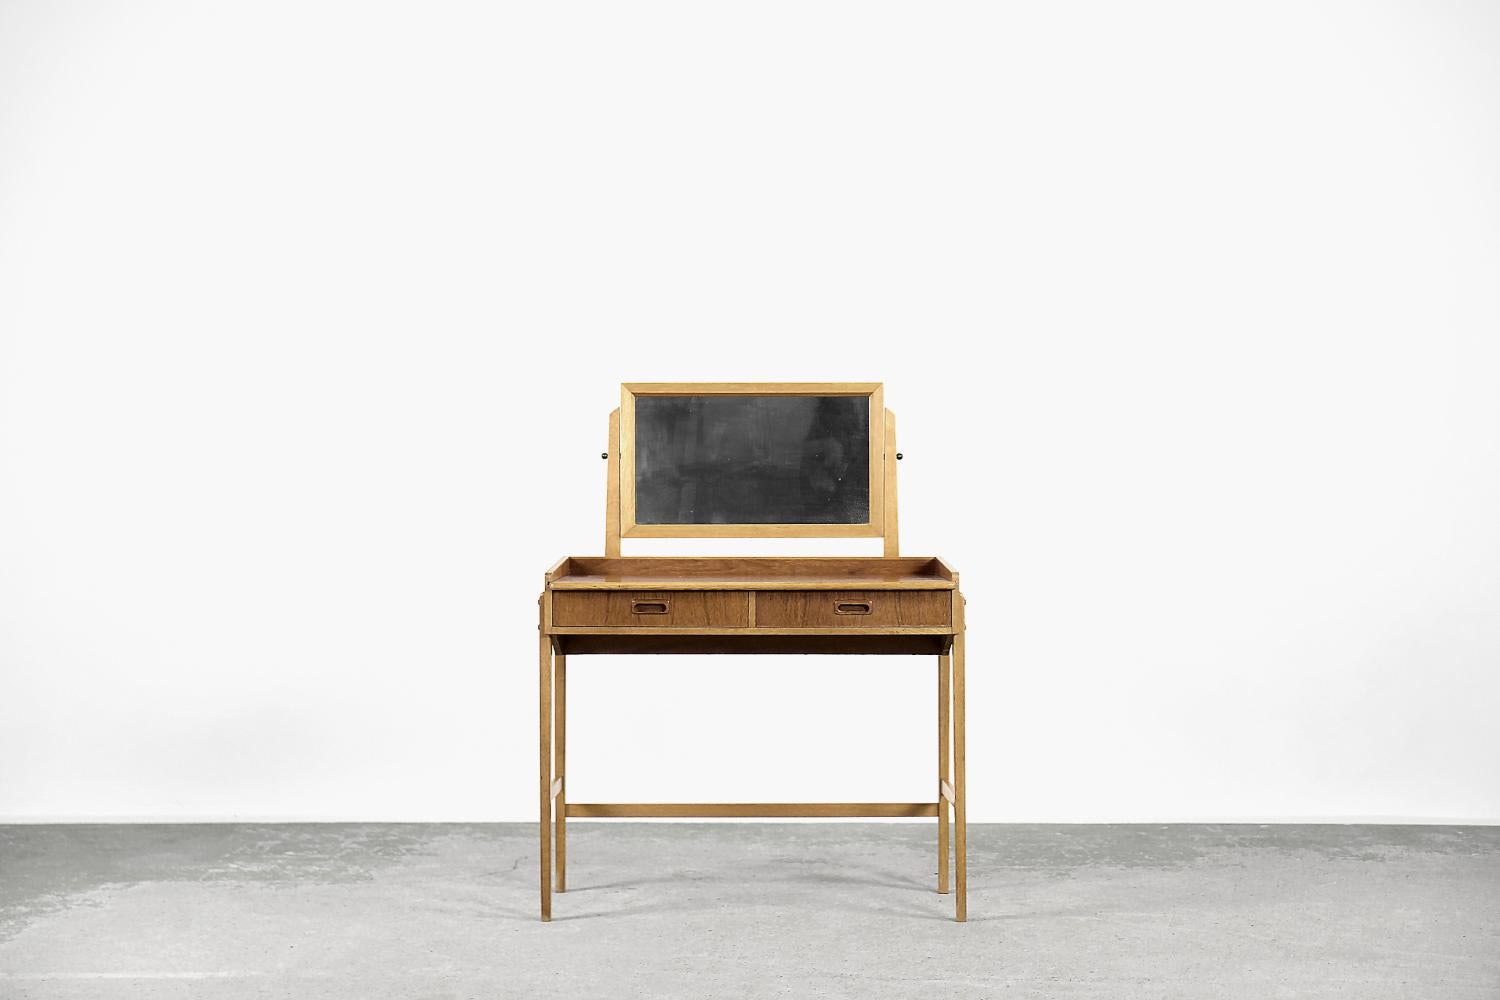 This modernist dressing table with a mirror was made in Sweden during the 1960s. It is made of teak wood in a warm shade of brown. It has two spacious drawers and a pull-out top with a partition. The mirror can be adjusted at any angle.

This
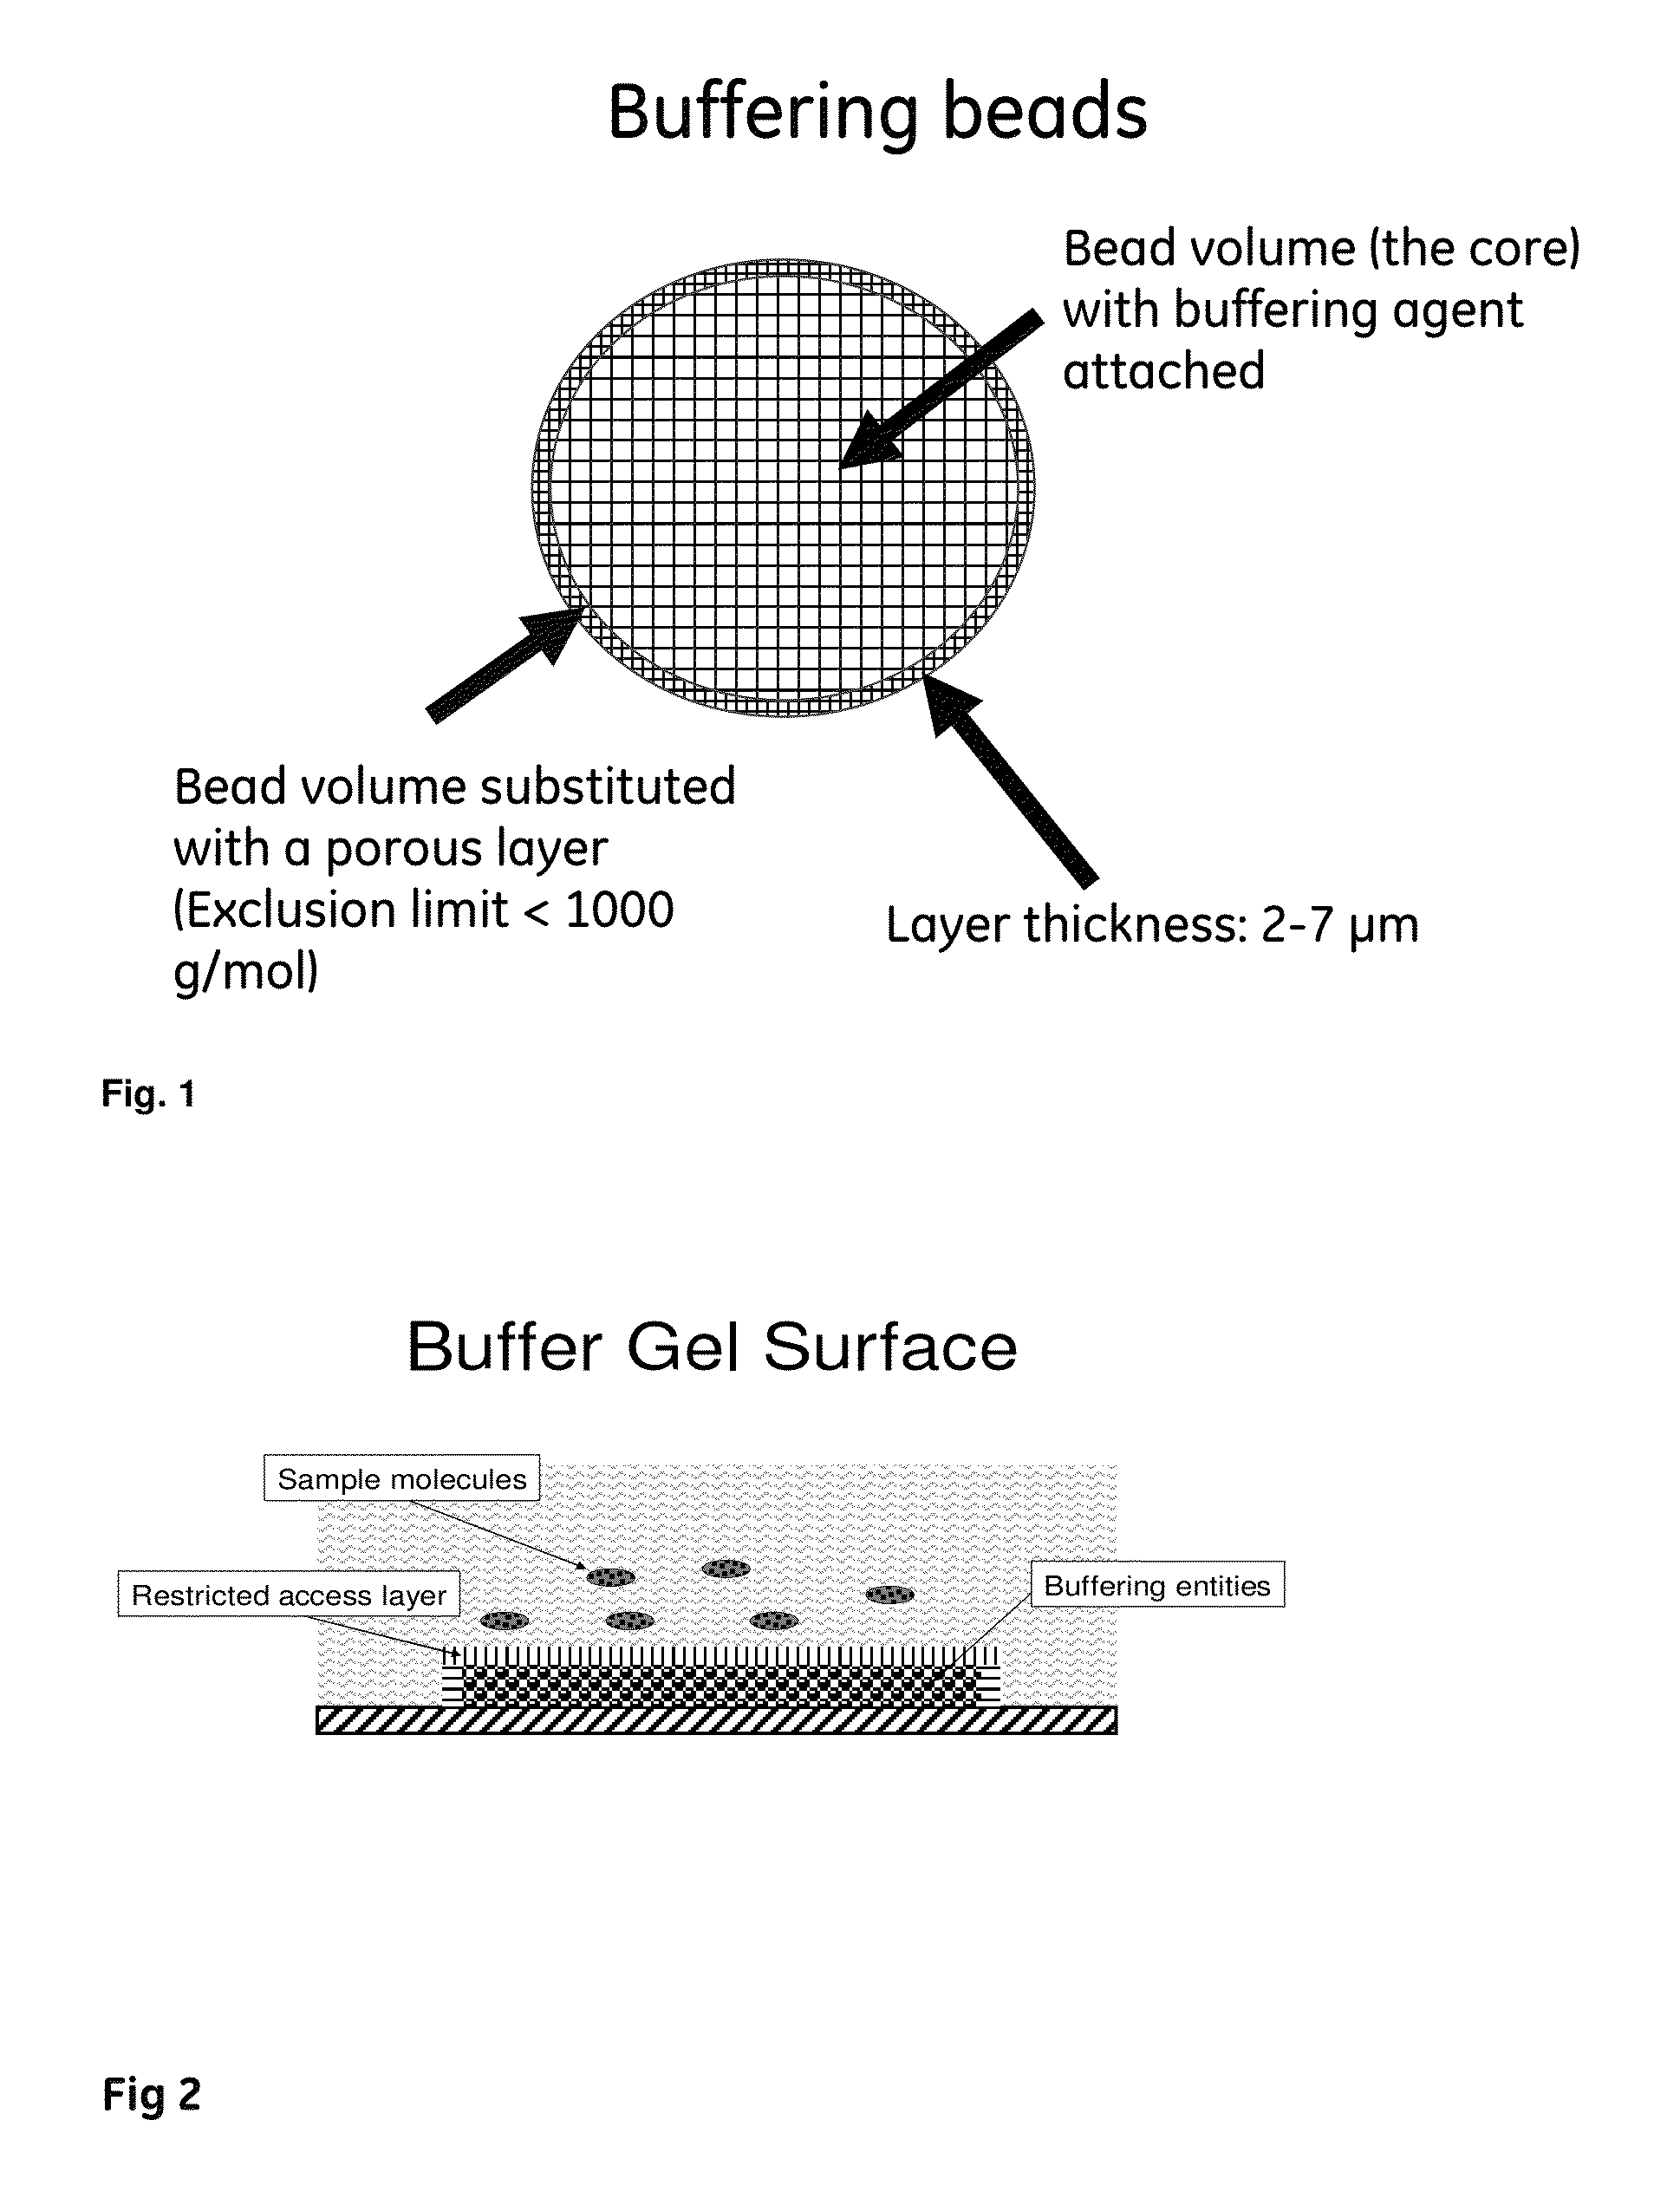 Buffering compositions enclosed in a size exclusion matrix

Exercise prompt: The data above must be written out again without alteration, and the pictures in them must be excluded.

Finished exercise:
 This modernist dressing table with a mirror was made in Sweden during the 1960s. It is made of teak wood in a warm shade of brown. It has two spacious drawers and a pull-out top with a partition. The mirror can be adjusted at any angle.

This
 Buffering compositions enclosed in a size exclusion matrix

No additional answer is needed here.